[Your objective]: Give back an exact copy of the listing that follows, without the pictures.

[Data shown]:
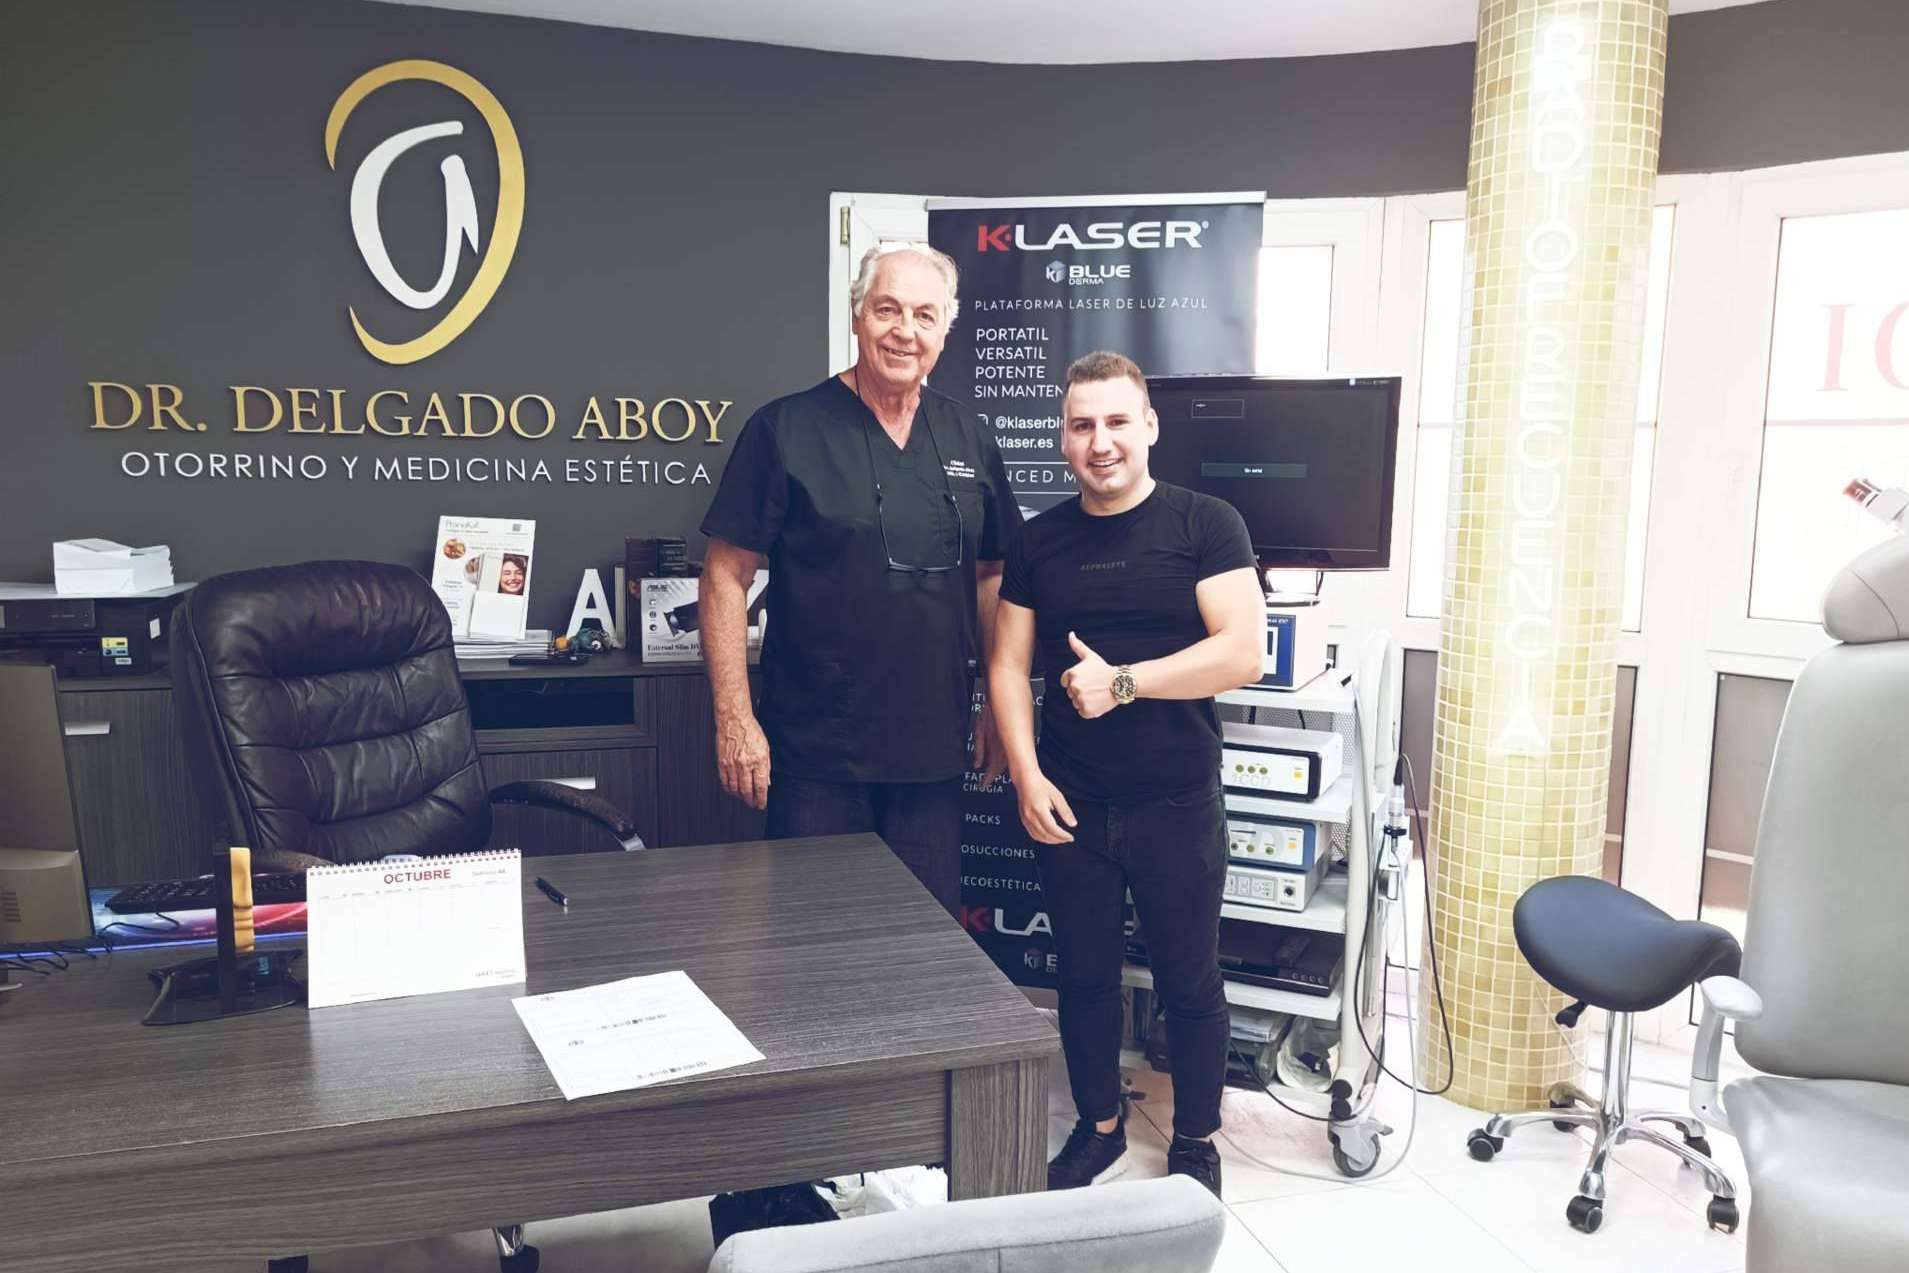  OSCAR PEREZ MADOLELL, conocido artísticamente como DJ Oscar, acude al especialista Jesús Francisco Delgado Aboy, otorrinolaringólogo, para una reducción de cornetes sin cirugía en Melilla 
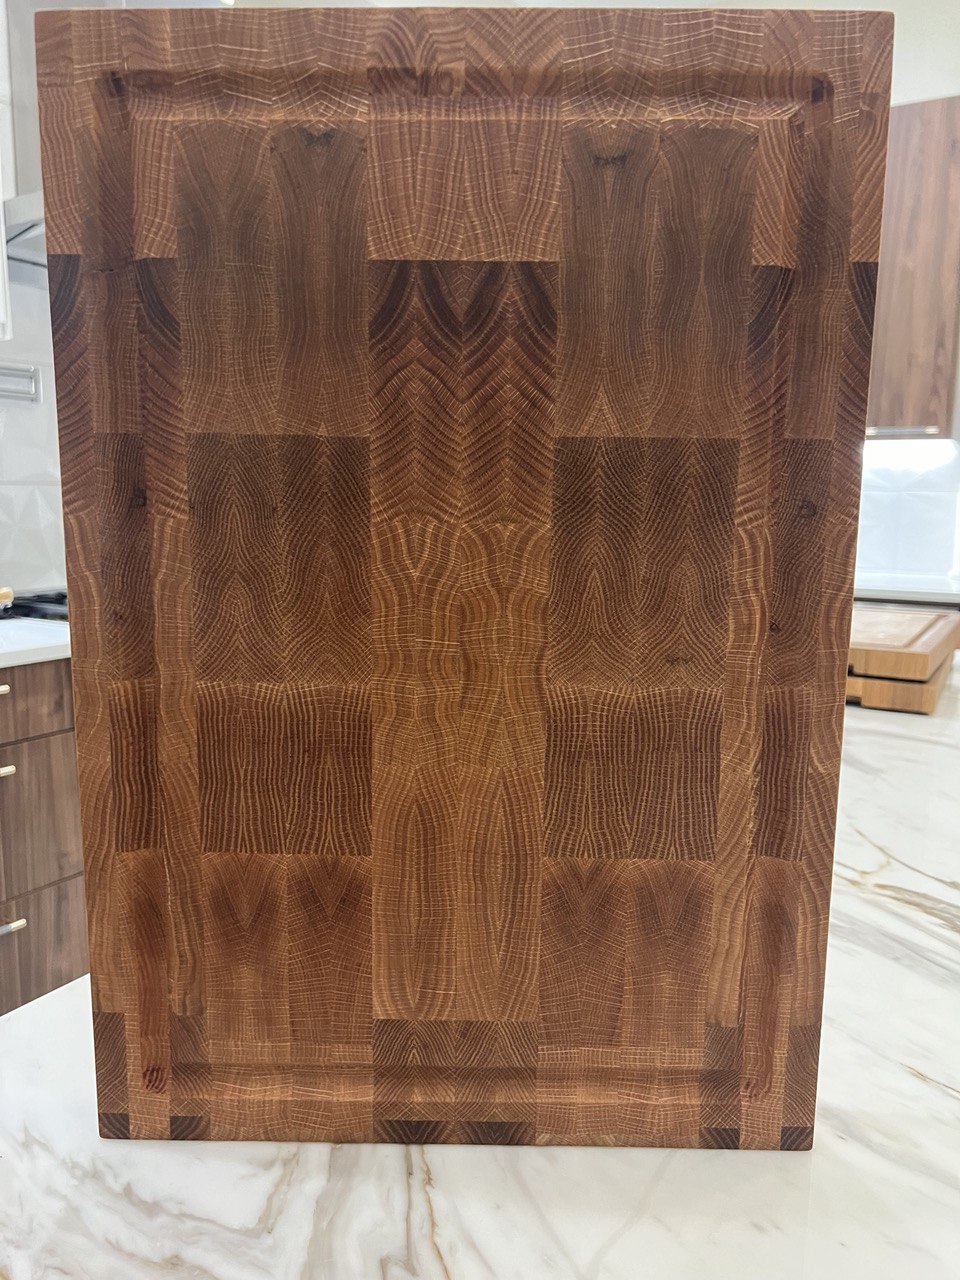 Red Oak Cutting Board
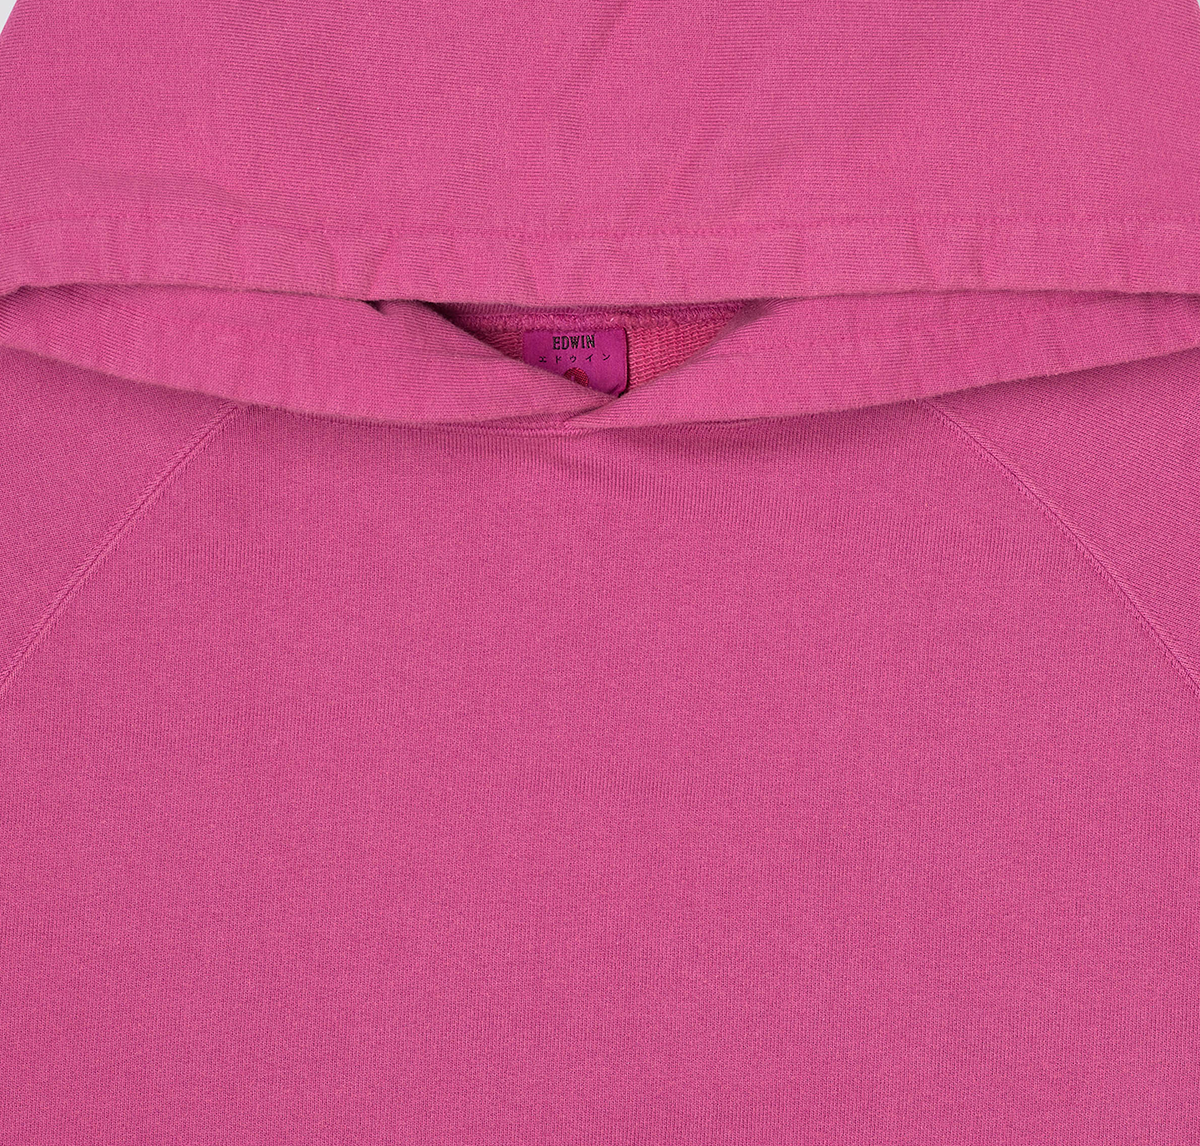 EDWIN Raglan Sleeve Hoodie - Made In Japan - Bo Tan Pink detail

[Answer for this exercise]:
  OSCAR PEREZ MADOLELL, conocido artísticamente como DJ Oscar, acude al especialista Jesús Francisco Delgado Aboy, otorrinolaringólogo, para una reducción de cornetes sin cirugía en Melilla 
 Red Oak Cutting Board
 EDWIN Raglan Sleeve Hoodie - Made In Japan - Bo Tan Pink detail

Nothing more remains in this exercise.